The Creepiest Revelations In ‘The Ted Bundy Tapes’ That Are Giving Us Nightmares

As a rapist, murderer, and necrophile, Ted Bundy committed killing after killing, living undetected for years before he was finally caught. The new Netflix series “Conversations With a Killer: The Ted Bundy Tapes,” sheds light on just how disturbed he truly was.

By Sharon Lynn Pruitt

Brutal attacks in the dead of night. Young girls and women being spirited away, never to be seen again. Severed heads and corpses with freshly-washed hair, whose faces had been painted with makeup.

Ted Bundy and the many vicious acts he committed during his lifetime are what nightmares are made of. As a practiced, efficient killer who terrorized multiple communities across the country for years at a time, Bundy had at least 30 murders credited to his name and managed to get away with most of them before he was finally captured in 1978 and sentenced to death the following year.

Netflix’s latest disturbing — yet addictive — true crime offering compiles the death row interviews of journalists Stephen G. Michaud and Hugh Aynesworth, both of whom sat for extensive interviews with Bundy during the last years of his life.

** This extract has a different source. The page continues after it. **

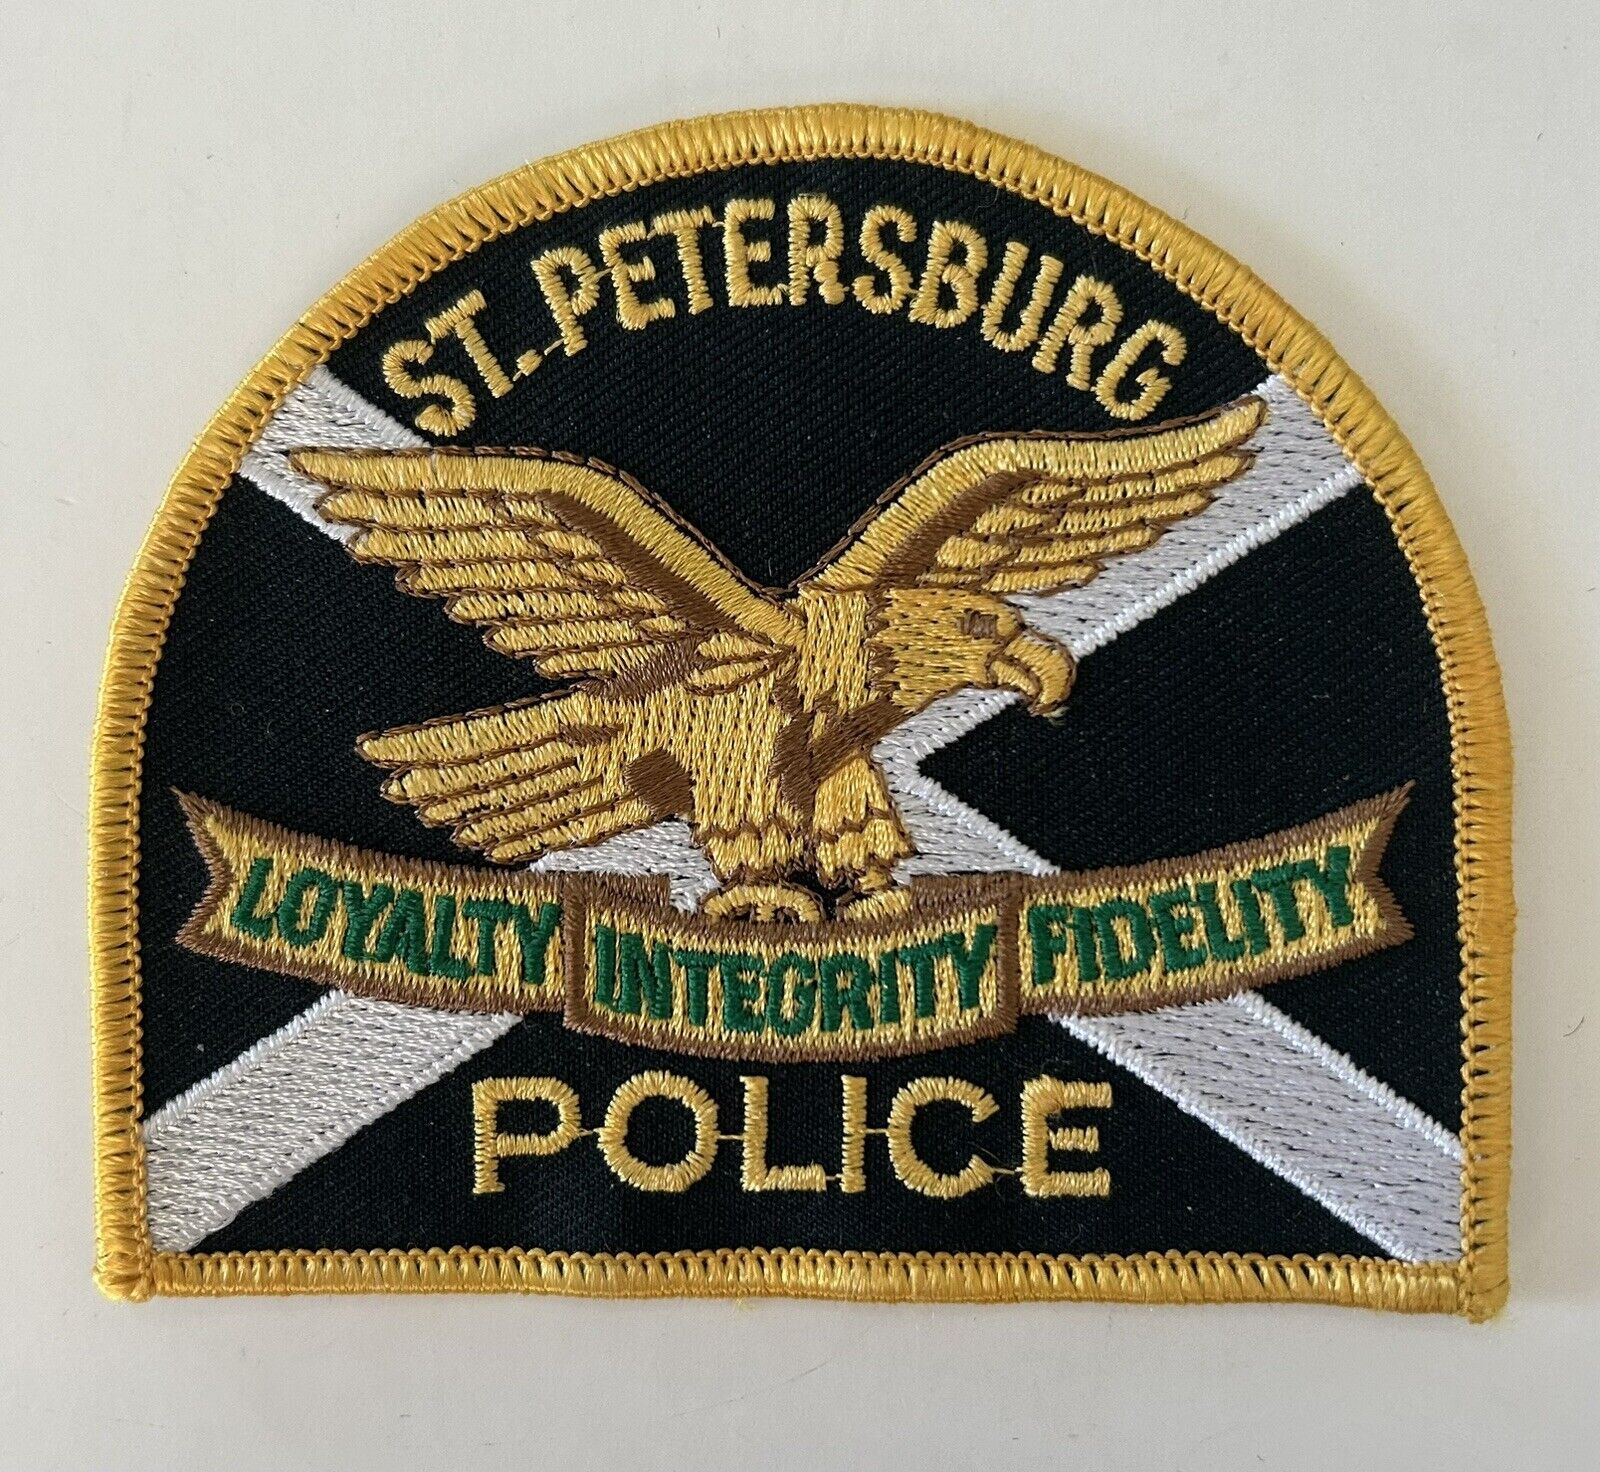 St. Petersburg Florida Police Patch - Loyalty, Integrity, Fidelity

The four-episode series offers viewers an inside look at one of the most disturbed minds of a generation, unveiling details that are, at turns, horrifying, chilling, and downright obscene. Here are eight revelations from “The Ted Bundy Tapes” viewers won’t soon forget.

1. Bundy claimed to be following the directions of a voice in his head

It’s not a new phenomenon for people who commit violent crimes to claim that a voice in their head made them do it. Still, that doesn’t make it any less creepy hearing how Bundy repeatedly referred to an “entity” or “malignant force” within him, whose will he felt driven to obey.

Bundy said that the entity “controlled him and he would hear a voice and he did as the entity told him to do,” according to Michaud. Bundy’s longtime girlfriend, Elizabeth Kloepfer, also described in an interview with police in 1978 hearing Bundy talk about an unseen force.

“He told me that he was sick and that he was consumed by something that he didn’t understand and that, um, that it — that he just couldn’t contain it,” she said. “He spent so much time trying to maintain a normal life and he just couldn’t do it. He said that he was preoccupied with this force.”

This alleged force would go on to compel Bundy to assault, rape, torture, and murder dozens, if not hundreds, of innocent women. In some cases, he even mutilated and molested their corpses. Was the so-called entity in Bundy’s head a sign of mental illness? Was it simply his own voice, encouraging him to act on his own violent desires? Was Bundy lying? We’ll likely never know.

2. Bundy was a necrophile

Bundy was a necrophile, though he only began to admit it near the end of his life.

While speaking with FBI Special Agent Bill Hagmaier days before his execution, Bundy admitted to severing the heads of “perhaps half a dozen” of his victims, and of commiting necrophiliac acts.

“When he said he was clearing his soul at the end, he wanted me to know that he practiced necrophilia,” Hagmaier said in the final episode of the series. “That was something he never talked about even in the third person before that. You know, the truth is terrible.”

The truth, as crime writer Ann Rule wrote in her book “The Stranger Beside Me,” is that Bundy routinely returned to where he’d dumped his victims’ bodies and put makeup on their faces. He’d wash their hair. He dressed up the bodies to look how he wanted, he once told Hagmaier, according to the book “The Only Living Witness,” written by the same two journalists behind “The Ted Bundy Tapes.”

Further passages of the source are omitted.